U.S. Investors Fear Muni Defaults, Job Losses


Inquiring minds are looking at the findings of a Reuters poll published Sunday that found a majority of Wall Street professionals (including municipal bond traders and investors) believe up to four multibillion-dollar municipal bond defaults will take place this year. They also think some of the United States’ weakest local governments face a real risk of default in 2011 as well as waves of layoffs that could put upward pressure on the country’s jobless rate, according to the poll:

Among the investors polled, 19 of 23 thought job cuts aimed at bringing budgets into line would put noticeable upward pressure on the national unemployment rate, which over the past two months has fallen sharply to 9.0 percent from 9.8 percent.

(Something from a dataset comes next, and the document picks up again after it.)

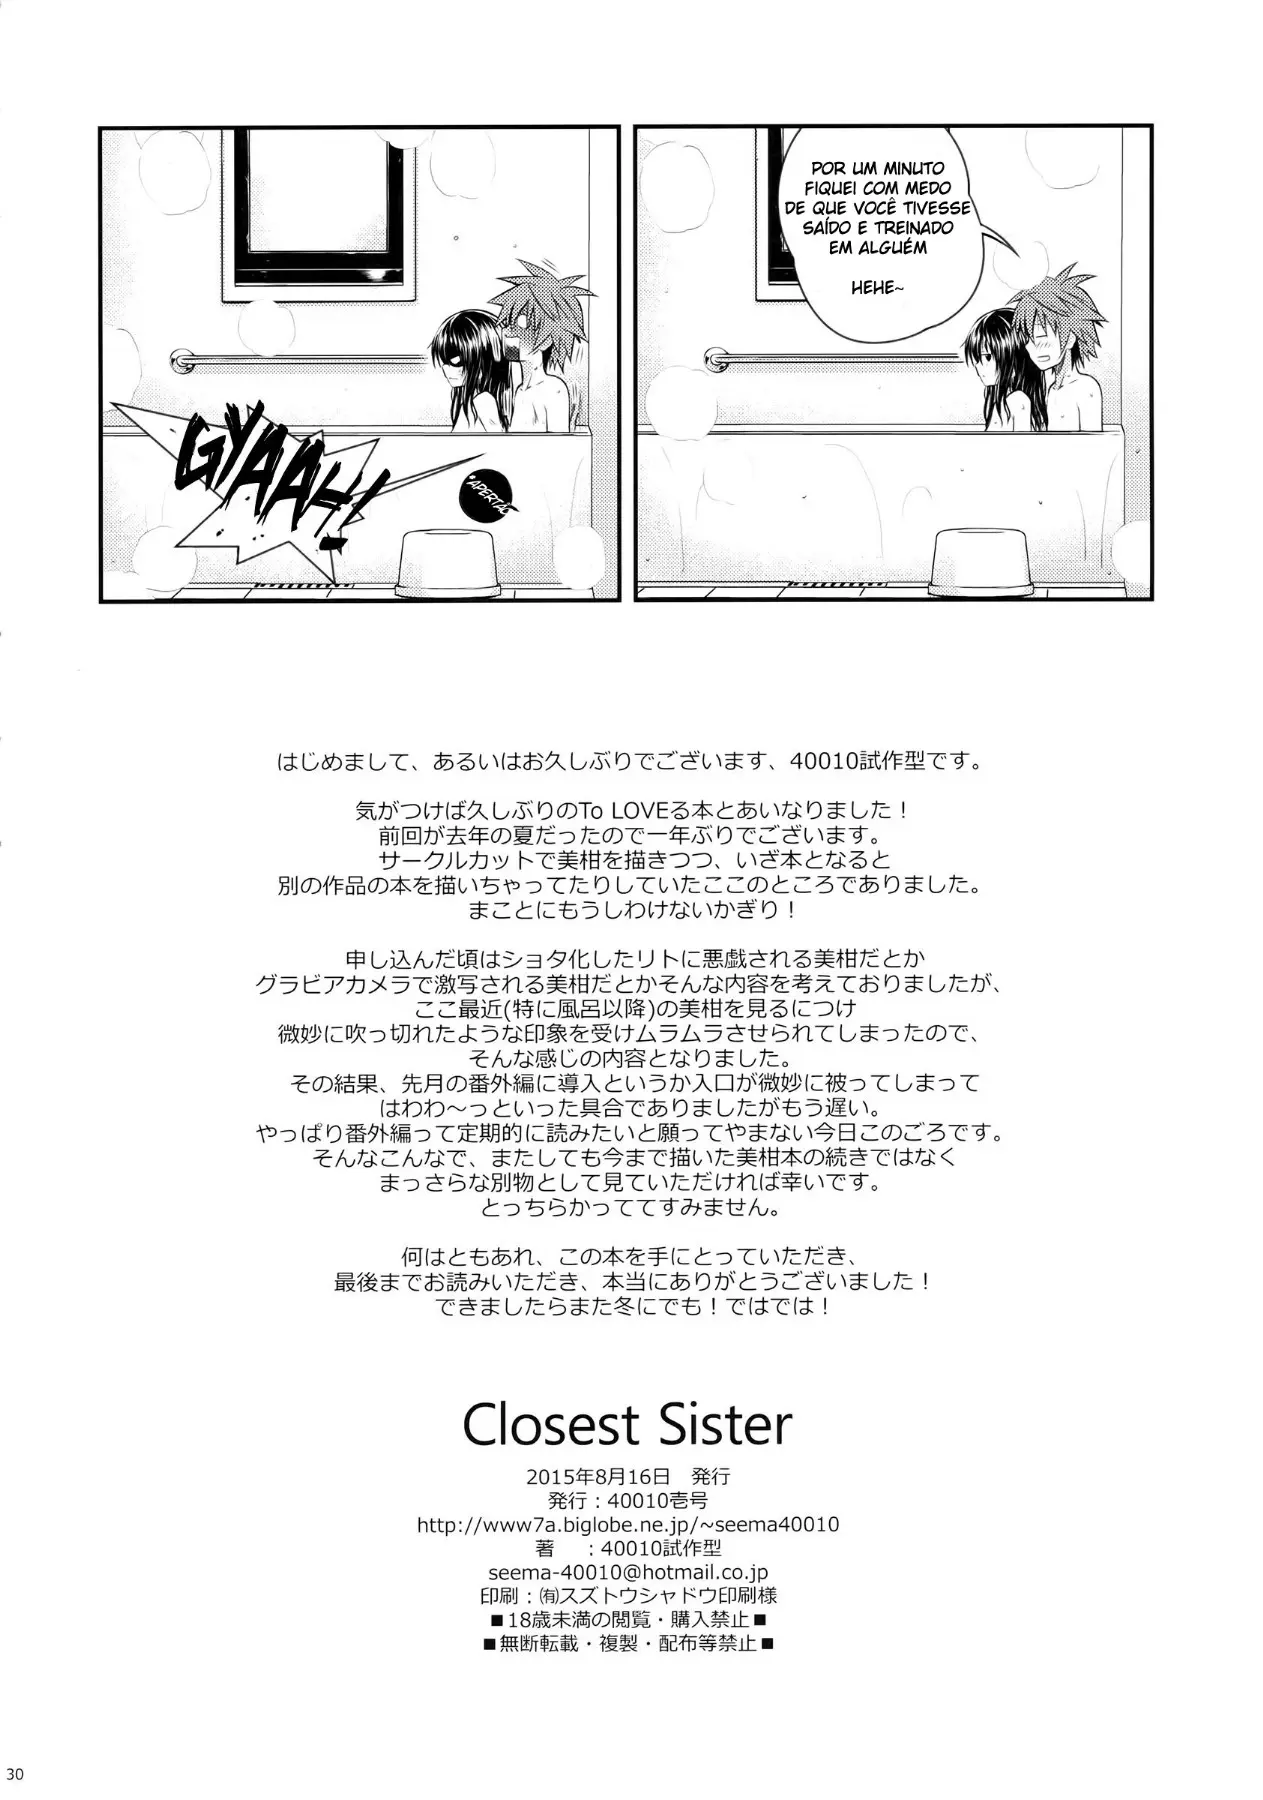 Closest Sister - Foto 29

Ten of those surveyed saw the jobless rate increasing more than 0.5 percentage point and three believed the impact would be over a full percentage point — a rise that could potentially be associated with hundreds of thousands of job losses.

“If the states fire the employees necessary to cut their budgets, unemployment will get worse,” said Marilyn Cohen, president of Envision Capital Management in Los Angeles.

Not even President Obama used the 9.0% unemployment number from last month, yet Reuters does? Wow, can you say, “In the tank for the President”?

Also,

While few municipal market analysts think any state will default on its debt — in part because states cannot legally file for bankruptcy — there are intense concerns about the shaky finances at some big U.S. cities.

Last March, for example, Detroit laid out bankruptcy risks in a debt offering statement. The city, which is rated in the junk category by Standard & Poor’s and Moody’s Investors Service — and has not sold general obligation debt since — said in the bond document it did not envision a bankruptcy filing.

“A credit like Detroit with limited liquidity and sizable debt could file bankruptcy in 2011, but only if politics goes against it and the state allows the filing to take place,” said Richard Ciccarone, head of municipal bond research at McDonnell Investment Management in Oakbrook, Illinois.

But, hey! Let the good times roll because we have been out of the recession for what? 18 months now?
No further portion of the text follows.